Hi,
I’m facing an issue with auto-clustering.
When deploying a cluster with the rabbitmq.config listing the nodes properly, sometimes it looks like the auto-clustering is somehow timing out.
All my nodes don’t necessarily come up at the same time, it can take up to 10 to 15 seconds for all of them to be up and running.

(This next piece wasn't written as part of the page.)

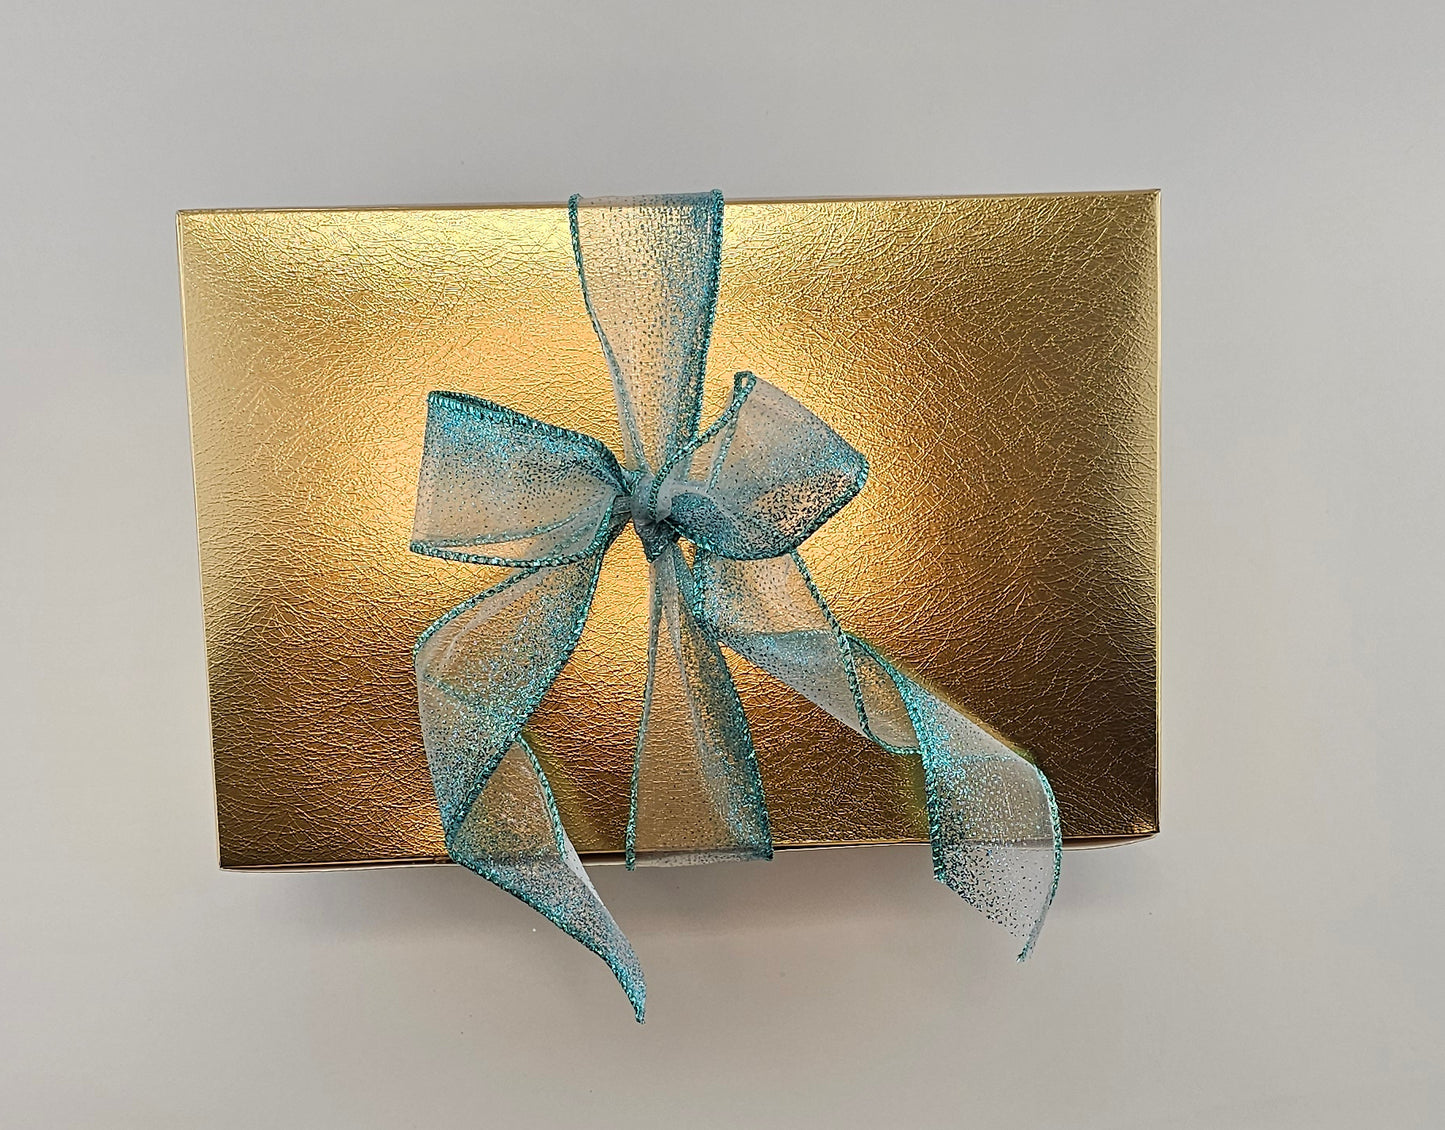 
                  
                    Gift Box Set Chocolate Covered Raisins Hazelnuts & Almonds
                  
                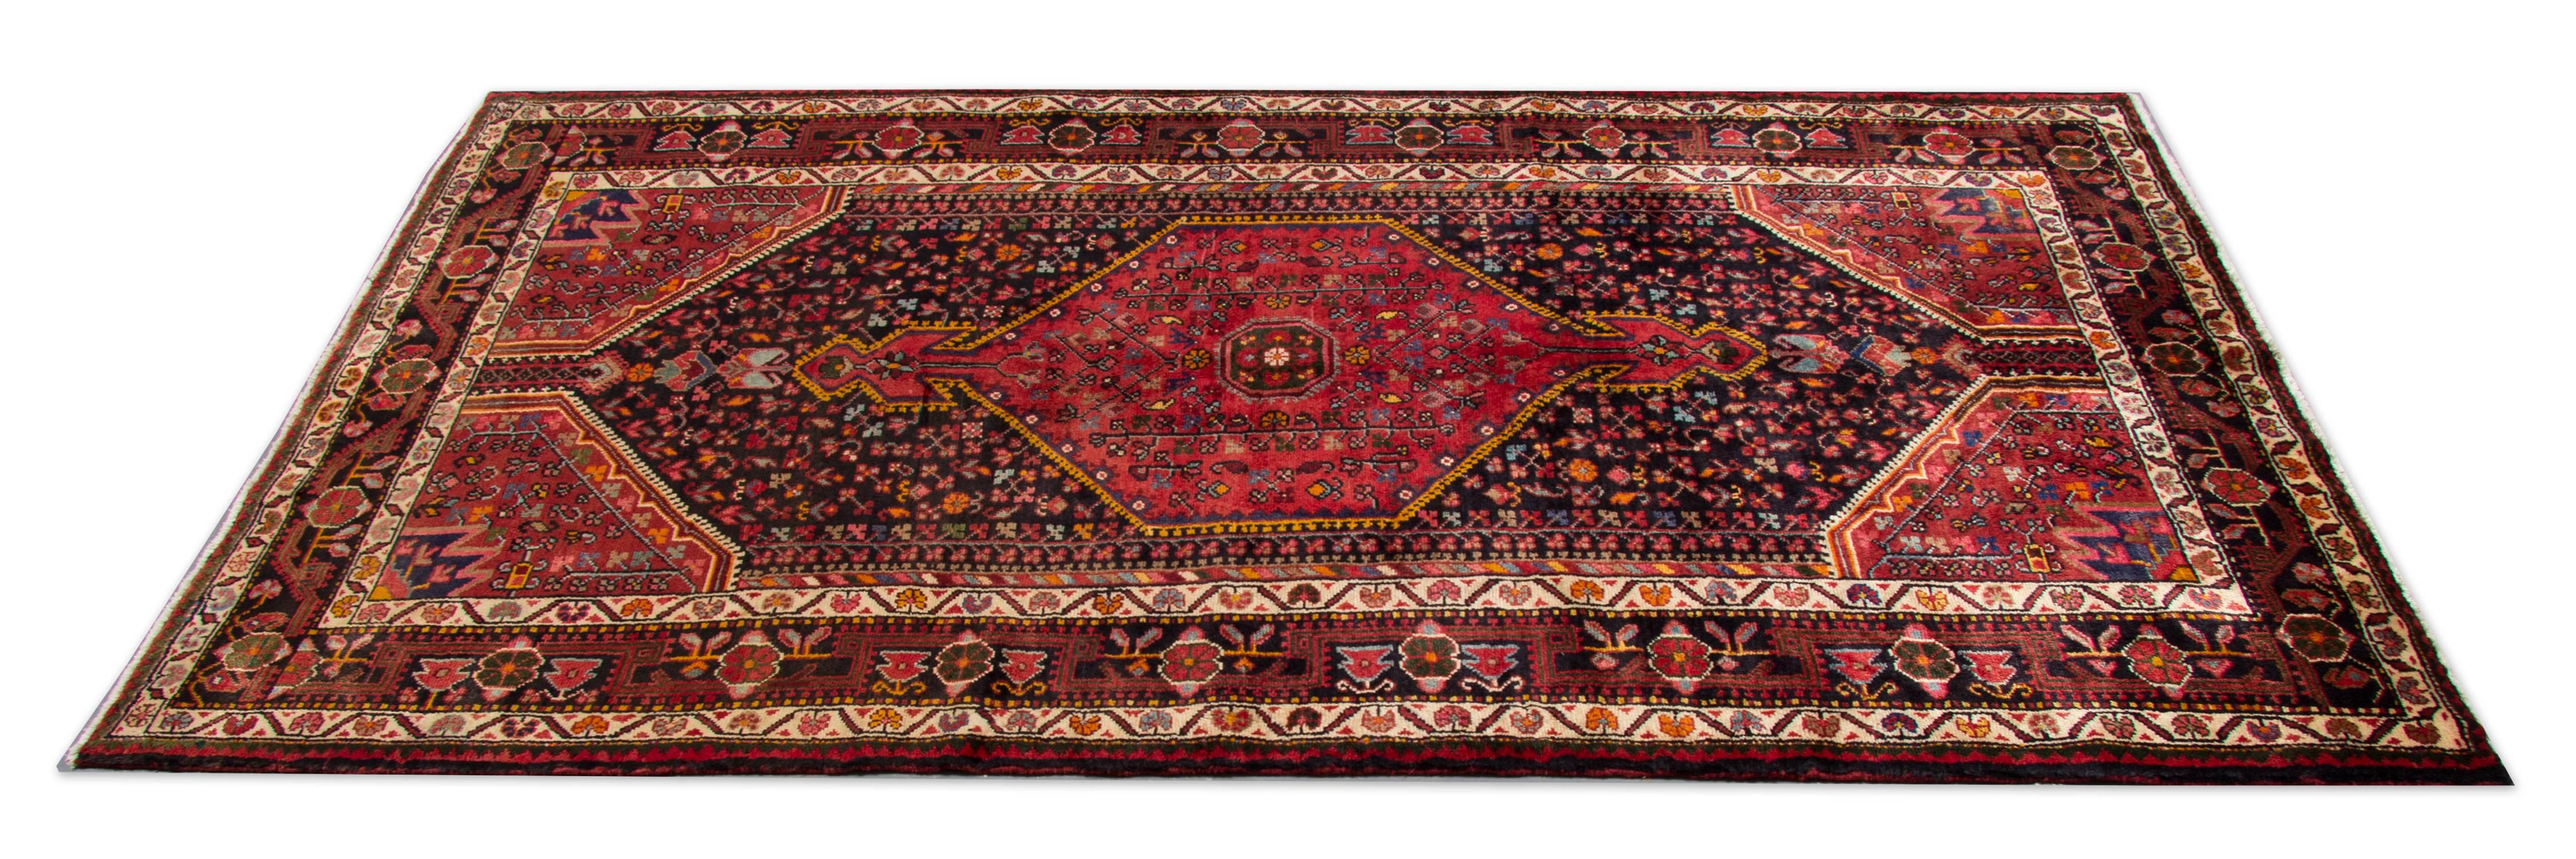 Tribal Rustic Carpet Vintage Oriental Rug, Handmade Geometric Wool Carpet For Sale

Here is an example of a 3 node cluster, where I end up with a 2 node cluster, and one node “left alone”.
Logs from node that ends up not being clustered (NODE_2) :
=INFO REPORT==== 18-Apr-2016::08:59:30 ===
Database directory at /local/data/rabbitmq/NODE_2/mnesia is empty. Initialising from scratch...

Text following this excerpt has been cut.